**The data:**
Start of Block
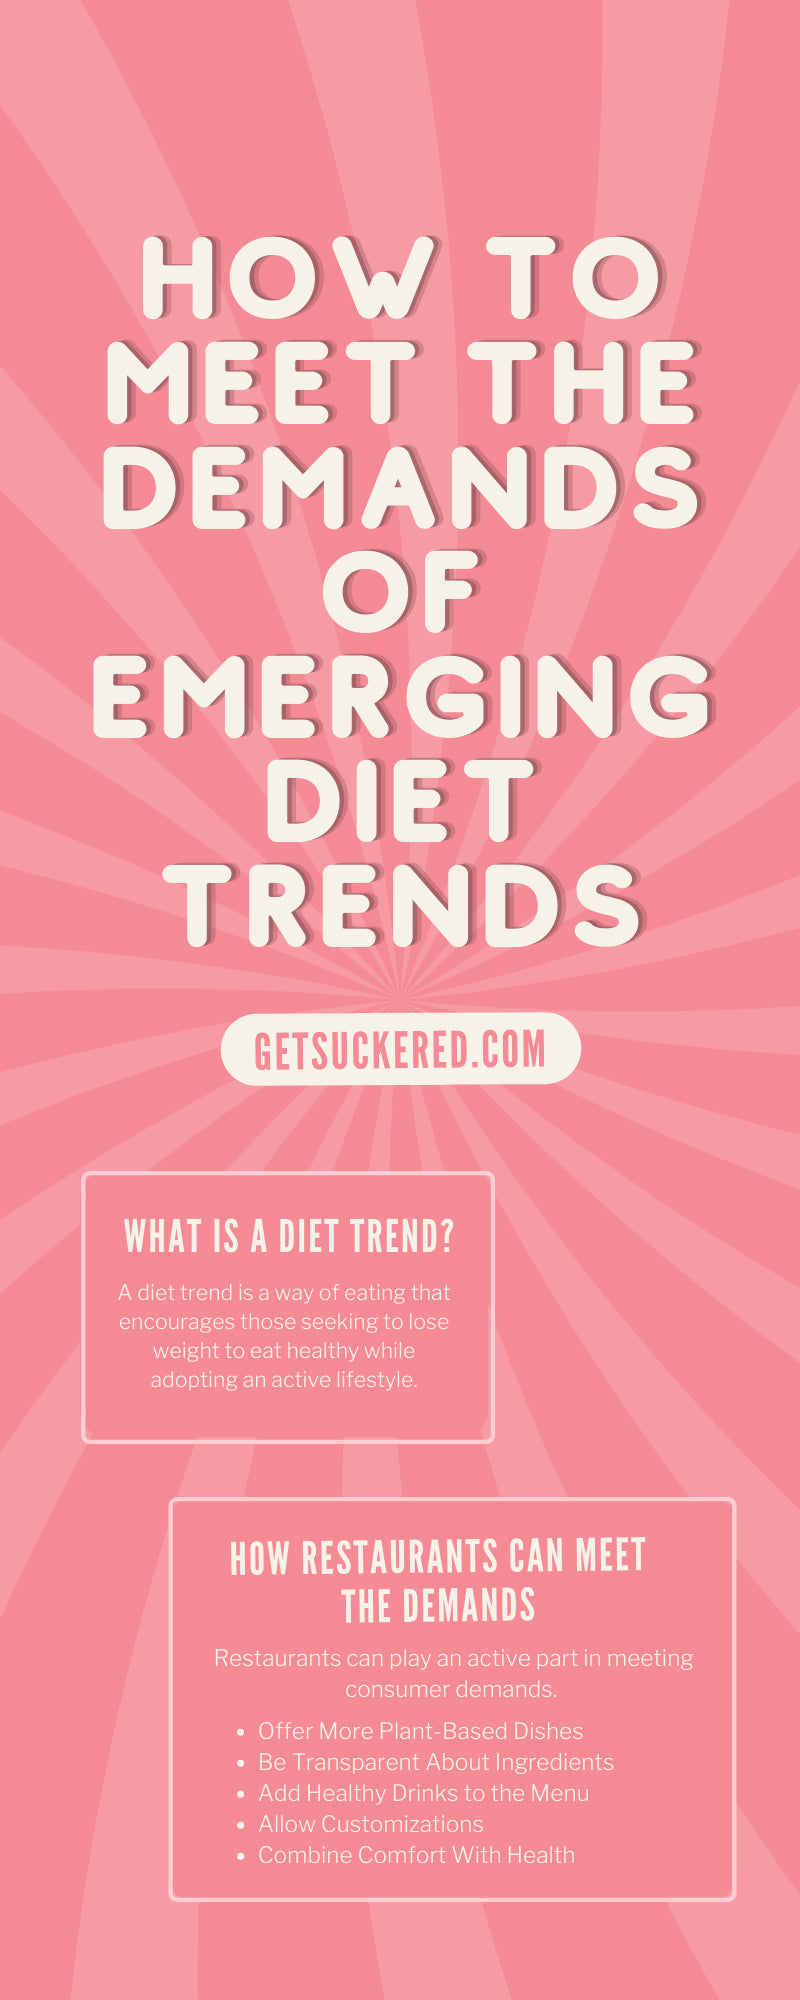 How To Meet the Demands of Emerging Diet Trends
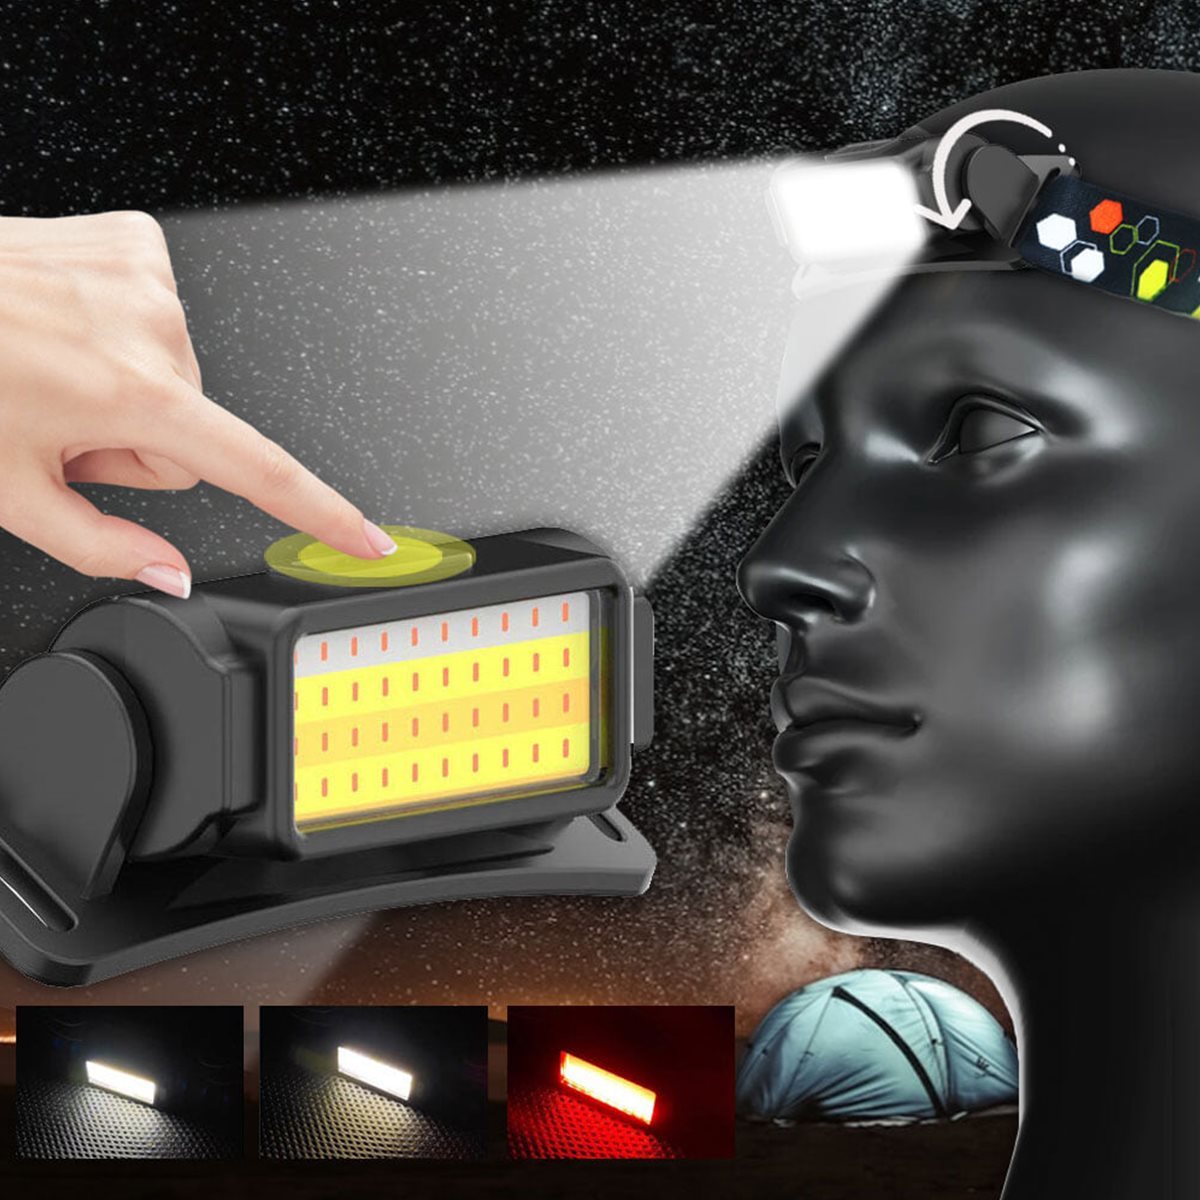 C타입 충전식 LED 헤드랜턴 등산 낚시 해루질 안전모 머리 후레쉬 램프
End of Block
Start of Block
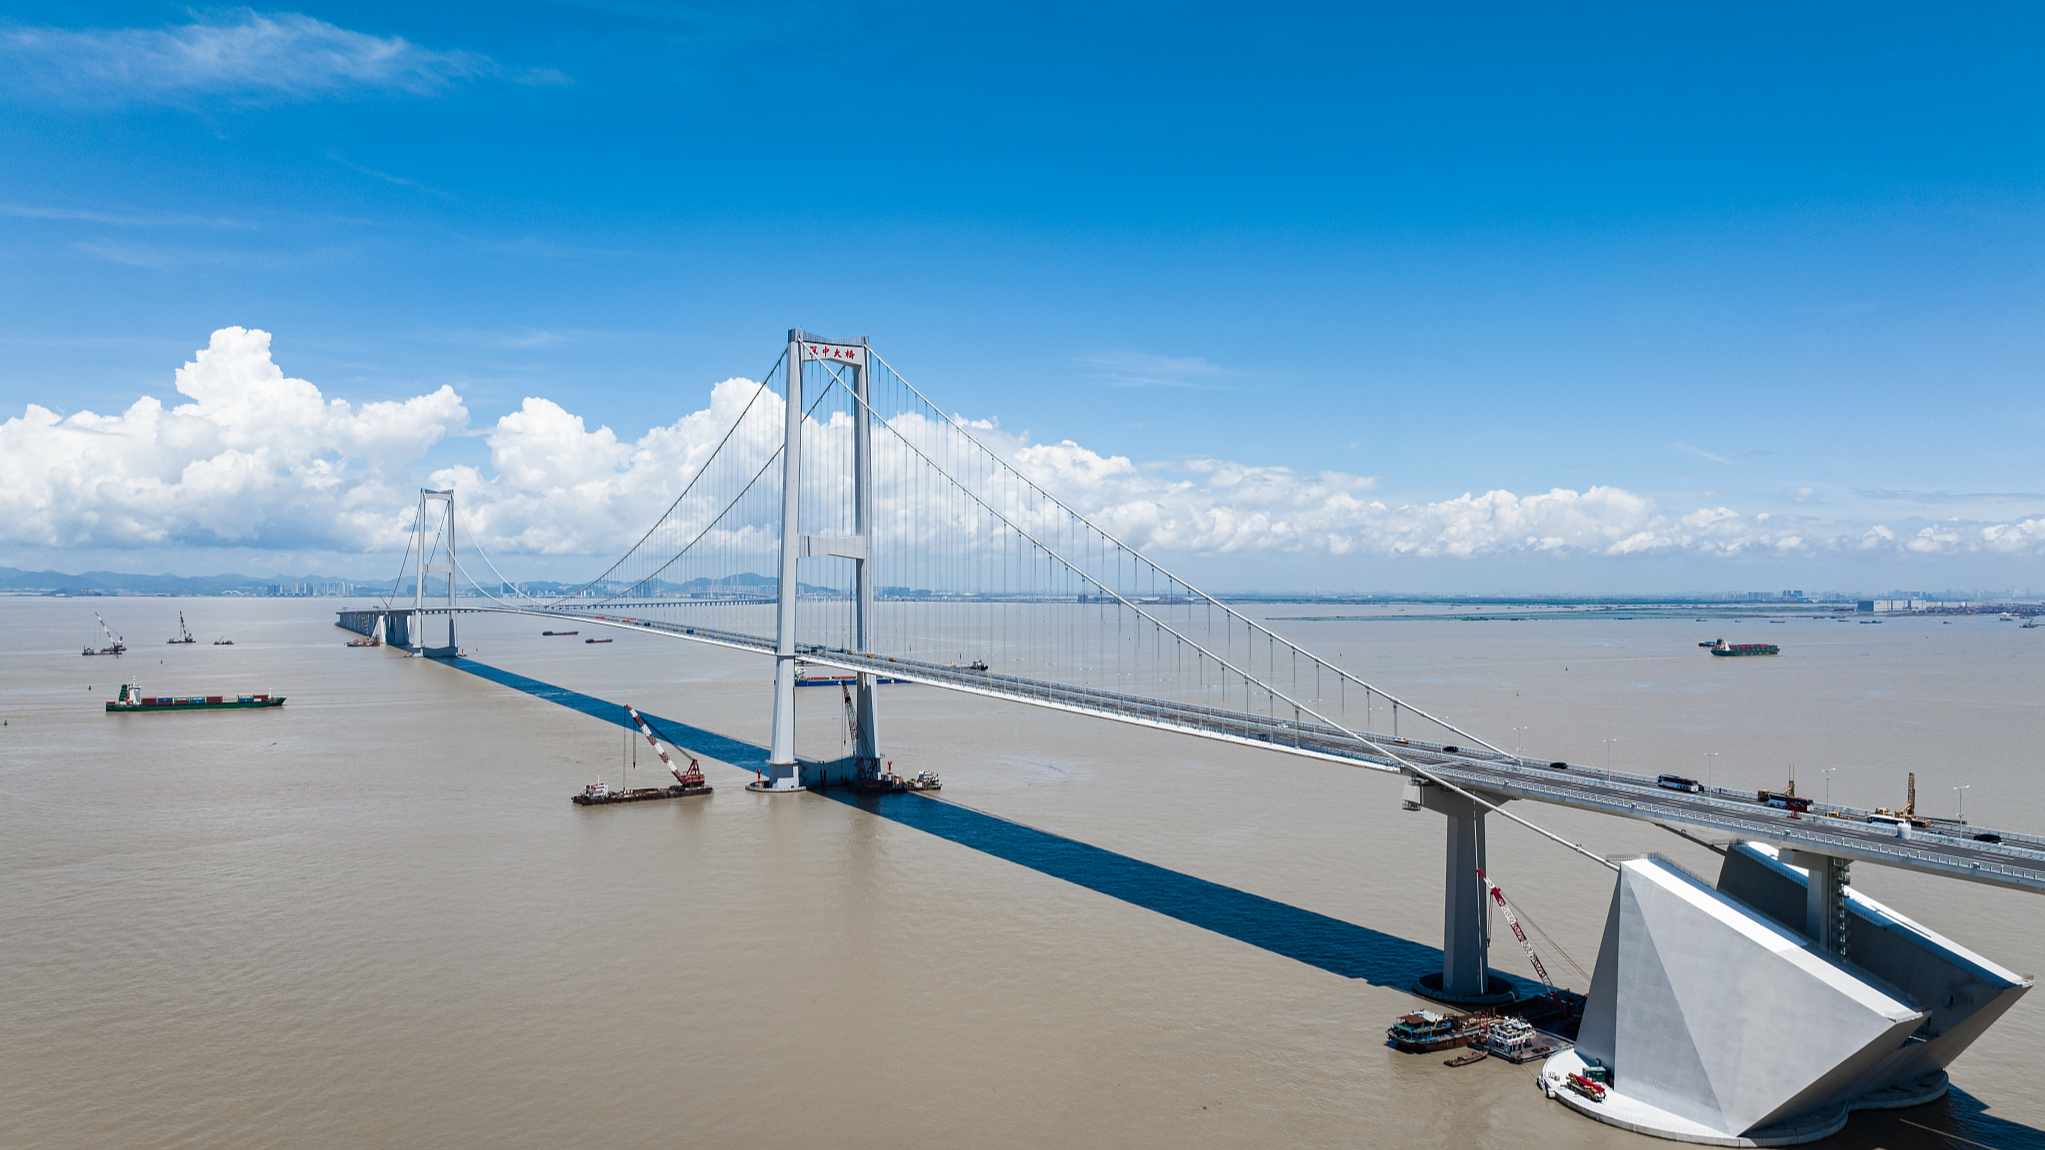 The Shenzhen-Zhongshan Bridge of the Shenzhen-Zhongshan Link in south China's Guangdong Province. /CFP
End of Block
Quote the data above exactly from the line with "How To Meet" to the line with "C타입 충전식 LED 헤드랜턴 등산 낚시 해루질 안전모 머리 후레쉬 램프", both ends counted, and nothing else. Pictures don't go in.

**Solution:**
 How To Meet the Demands of Emerging Diet Trends
 C타입 충전식 LED 헤드랜턴 등산 낚시 해루질 안전모 머리 후레쉬 램프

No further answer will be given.